1.Ha scelto la Galizia come ambientazione del romanzo, un territorio molto bello e particolare. Ce lo può descrivere con le sue parole?
D.: In tutti i miei romanzi lo scenario è importante, è ben più di uno sfondo che fa da cornice allo svolgimento dell’azione. Per me deve dare qualcosa alla storia, in questo caso volevo parlare dei privilegi che ancora vivono alcune famiglie come quella che ritraggo nel libro. Inspiegabilmente per me, la popolazione intorno a loro continua ad essere servile anche se non richiesto.
Detto questo, non volevo neanche dare un’immagine univoca della Galizia improntata sul servilismo verso le famiglie nobili, d’altro canto queste dimore esistono e sono spesso proprietà di famiglie nobili o benestanti, oppure di imprenditori.
Un altro aspetto su cui volevo soffermarmi è la cultura del lavoro, il senso e lo spirito dell’onore, l’orgoglio di lavorare una terra molto difficile, come la coltivazione delle vigne della Ribeira Sacra impiantate dai romani, da duemila anni a questa parte coltivate in maniera manuale visto che hanno un’ inclinazione fino al 70%. C’è un senso d’orgoglio dei contadini, che seppure con piccole estensioni di terreno – il raccolto non è significativo in termini economici o commerciali – ne fanno una questione di onore.
2.Nel corso dei romanzi si è notata una maturità nello stile della scrittura. E’ una nostra impressione o è cambiato qualcosa?
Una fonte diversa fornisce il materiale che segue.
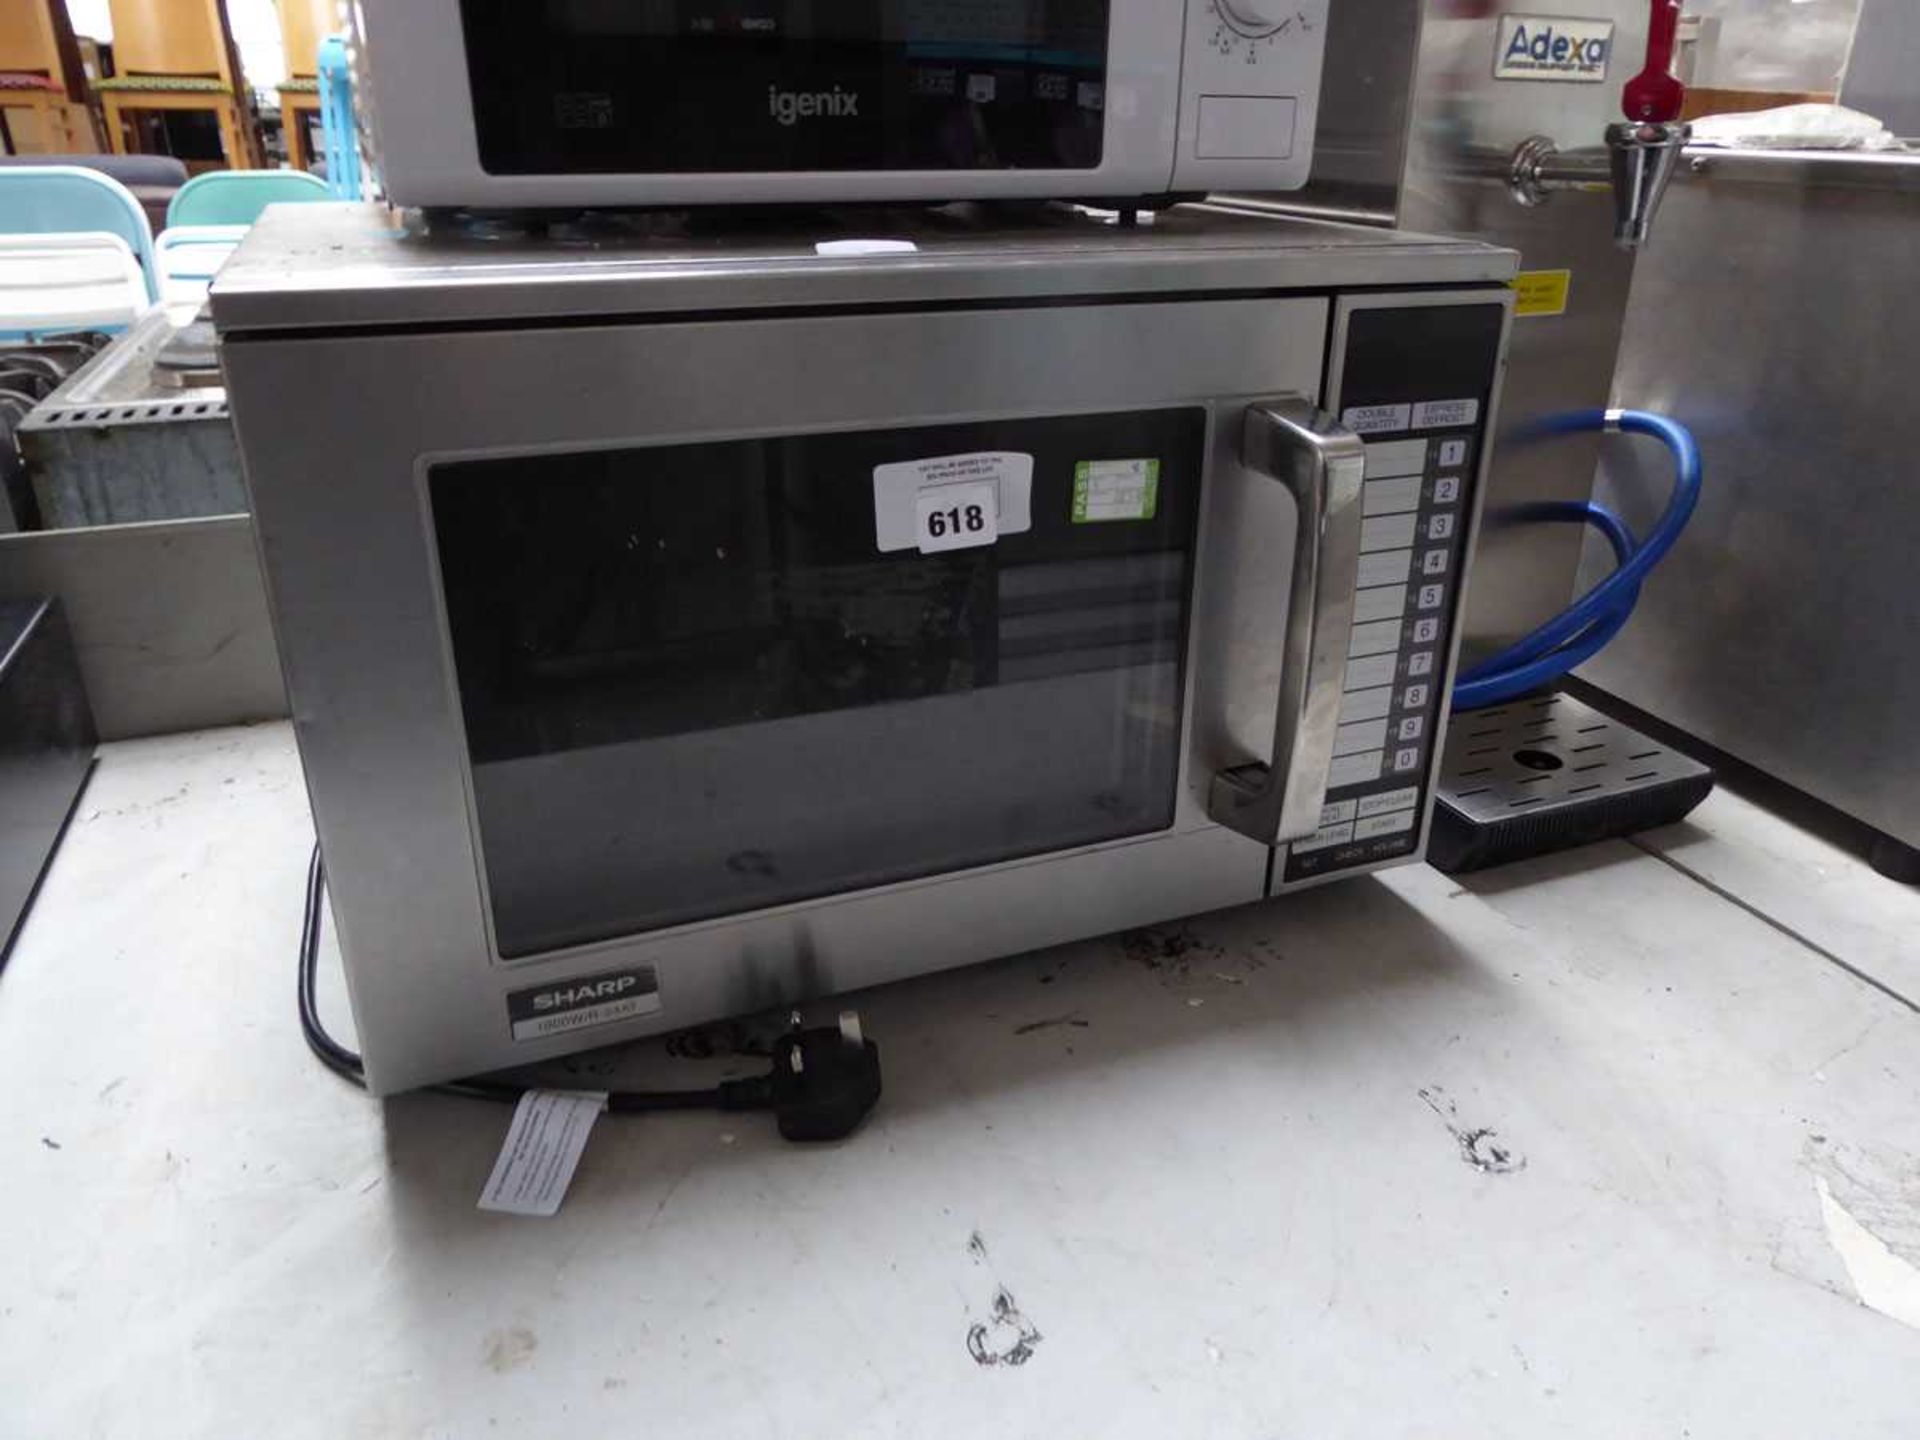 +VAT 52cm Sharp R-24AT microwave oven (Failed electrical test)

D.: Io ho sempre scritto in lingua castigliana ed è vero che ho usato alcune parole in lingua basca, dell’euskara, per la trilogia del Baztàn. Il mio stile è sempre lo stesso, i miei romanzi sono una sorta di risonanza, una combinazione di diversi generi. Ufficialmente rientrano nella categoria del noir, anche se in Spagna i puristi del genere mi direbbero che non lo è, perché è anche una storia d’amore, una saga famigliare, una storia di amicizia, è un viaggio, una critica sociale. L’elemento del giallo c’è, orbita intorno a un delitto e alla sua indagine. Prende il via come un poliziesco, salto poi da un genere all’altro perché questo è il mio sistema per raccontare la storia. Nei precedenti romanzi partivo da una società matriarcale, un mondo squisitamente femminile e dagli aspetti della maternità, delle buone e delle cattive madri. Ho parlato dell’infedeltà femminile. Argomenti tabù, di cui non si poteva parlare, parlo di un mondo in cui sono cresciuta. Le donne hanno sempre vissuto da sole, perché gli uomini erano spesso fuori casa, o in America in cerca di fortuna o facendo i marinai. Per questo le donne hanno rafforzato il carattere ed erano indipendenti. Proprio in queste terre si sono tenuti molti processi contro diverse donne per presunti reati di stregoneria.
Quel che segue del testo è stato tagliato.